Presentazione del blog

Dall’intervista di Antonio (Mosca 1980), parlando del suo rientro in Italia:

<… Durante la lezione di geografia di una prof sicuramente poco comunista (o poco simpatizzante ogni volta che si parlava dell’Urss) sentii predicare “in Urss non c’è questo, non c’è quello… non ci sono le macchine...” e io, beato, con tutto il gusto proprio di un bambino, alzai la mano e le dissi “prof, non è assolutamente vero che non ci sono macchine, io sono appena tornato da Mosca e Le assicuro che c’è un traffico della Madonna!”. Lei rimase di sasso...>

Non cercavo soltanto un libro che descrivesse la vita quotidiana dei lavoratori nei paesi socialisti. Per me era importante l’identità dello scrittore, la sua professione.

Storico? Giornalista? Politico? Ambasciatore? No, grazie. L’autore del libro che non sono mai riuscito a trovare sarebbe dovuto essere uno come tanti, magari un operaio/a, un impiegato/a, una persona qualunque, un tipo pulito. Avete mai provato a prendere in mano i testi in commercio sull’argomento? Vi siete resi conto che sembrano fotocopiati? E continuano a sfornarne di nuovi! Vi è mai capitato di soffermarvi sulle risposte dei principali quotidiani nazionali ai quesiti dei lettori interessati alla storia del socialismo reale? I commenti sono preconfezionati! Sono sempre gli stessi! Superficiali, piatti, decontestualizzati, buoni per il “consumatore di storia” massificato. Non parliamo dei documentari. Diamine! La storia è una cosa seria. E’ la memoria! Non bisognerebbe neanche scriverne sui giornali!

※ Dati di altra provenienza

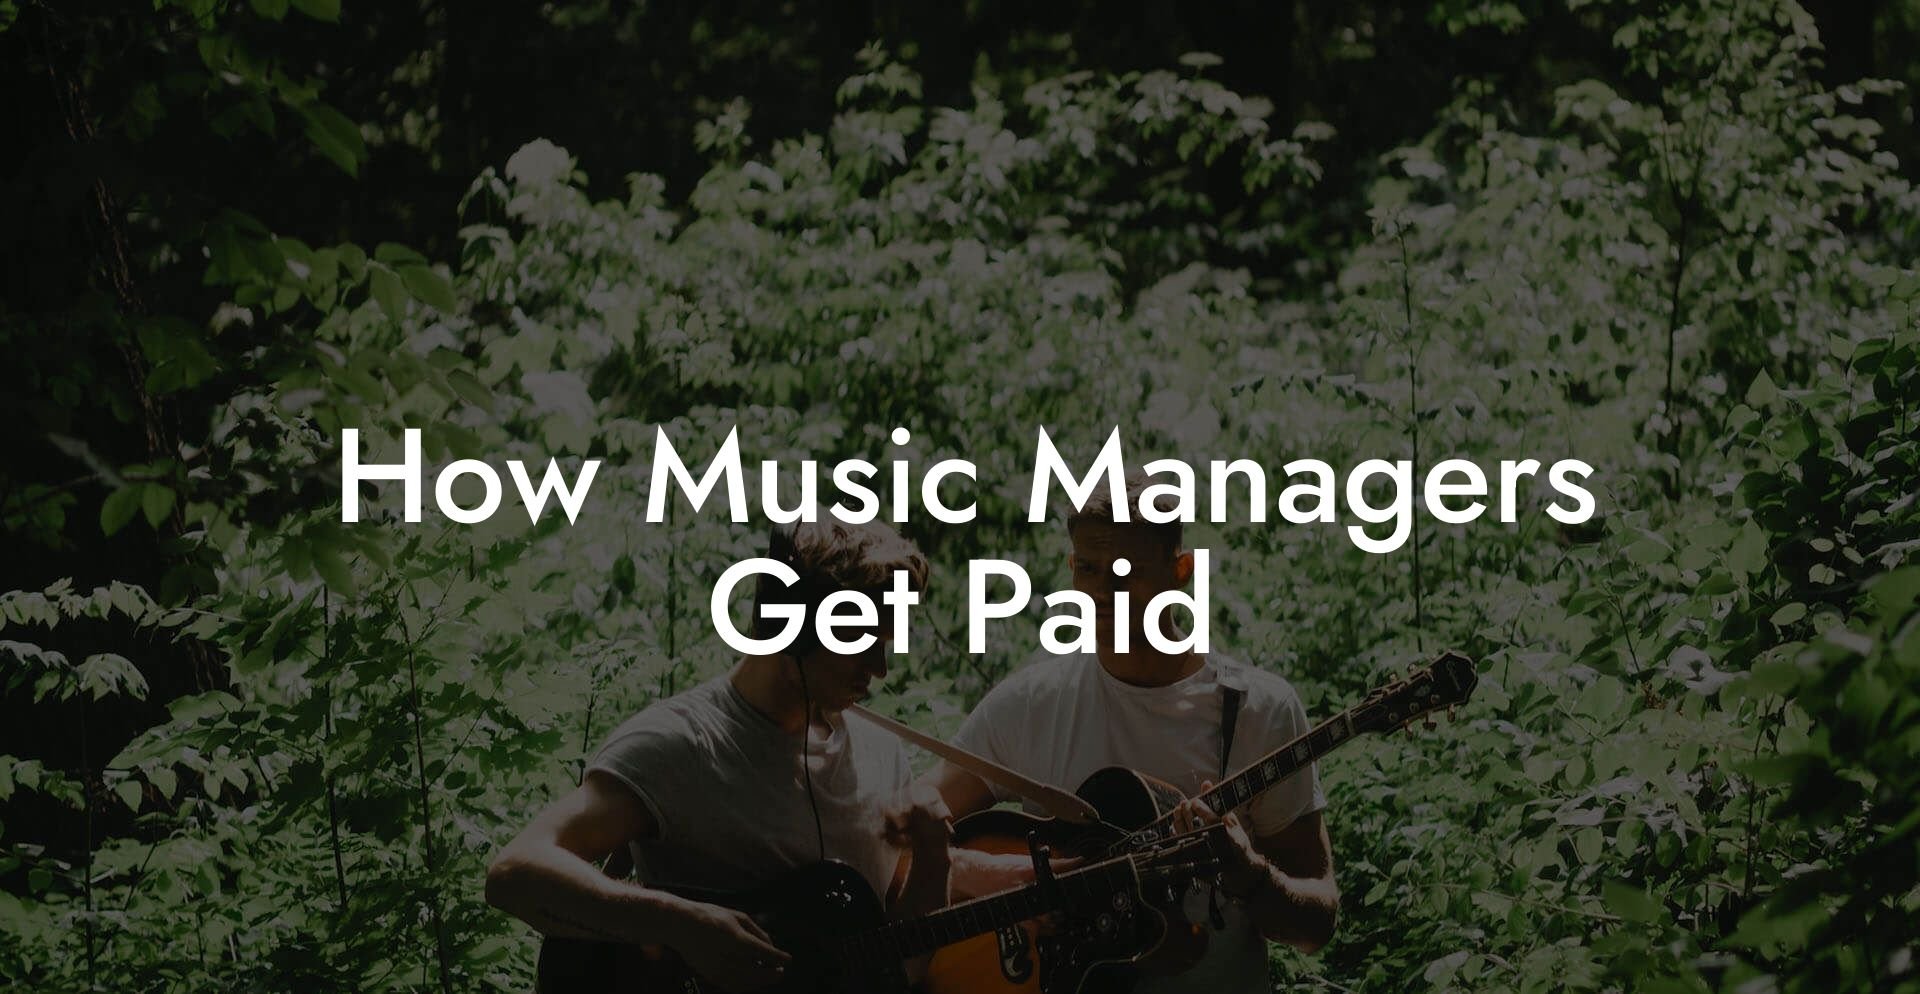 How Music Managers Get Paid

Ciò che mi fa salire la pressione è il revisionismo. Passa il tempo, i ricordi sbiadiscono e una cricca di farabutti si sente libera di stravolgere il corso degli eventi, ribaltare il quadro delle responsabilità e di combinare altre porcherie che riescono tanto bene agli scrittori più in voga. Tale è l’accanimento… vien da pensare che il Patto di Varsavia esista ancora da qualche parte!

Un giorno mi sono detto: io non mi fido, il libro lo scrivo io.

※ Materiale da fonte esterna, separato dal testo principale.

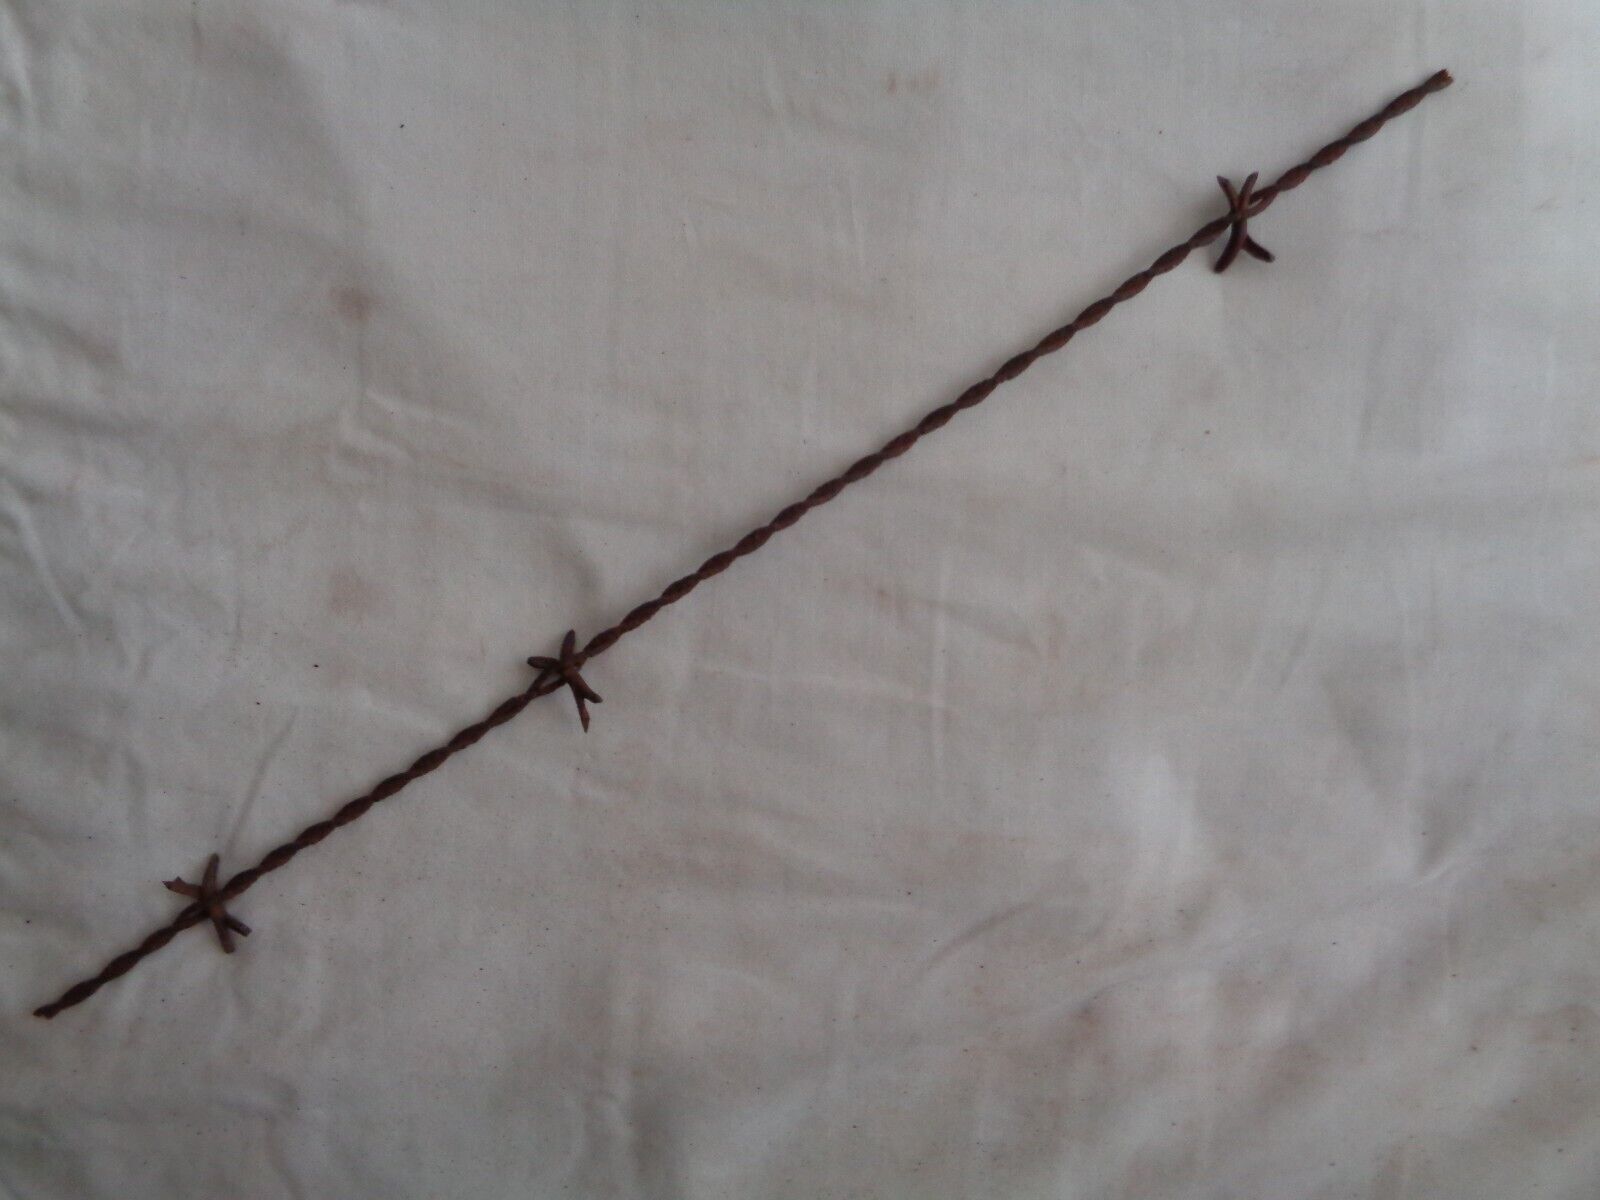 Antique Barbed Wire, # 574 B, TYLER LORD of Joliet, IL 1884

Ho iniziato a rintracciare gente che si fosse recata nei paesi socialisti europei prima della loro conversione all’economia di mercato. Ho intervistato quattordici persone esterne ai giochi di potere e libere da qualsiasi condizionamento (eccezion fatta per le intime convinzioni proprie di ciascun individuo che non mi sento di classificare tra i condizionamenti). I loro occhi sono tornati alle cose belle e a quelle brutte regalandomi un punto di vista diverso da quello dell’intellettuale o dell’inviato televisivo. Grazie ad alcuni libri di economia usciti nel periodo 1960-1990, ho tentato di rispondere ai quesiti sorti nel corso delle registrazioni.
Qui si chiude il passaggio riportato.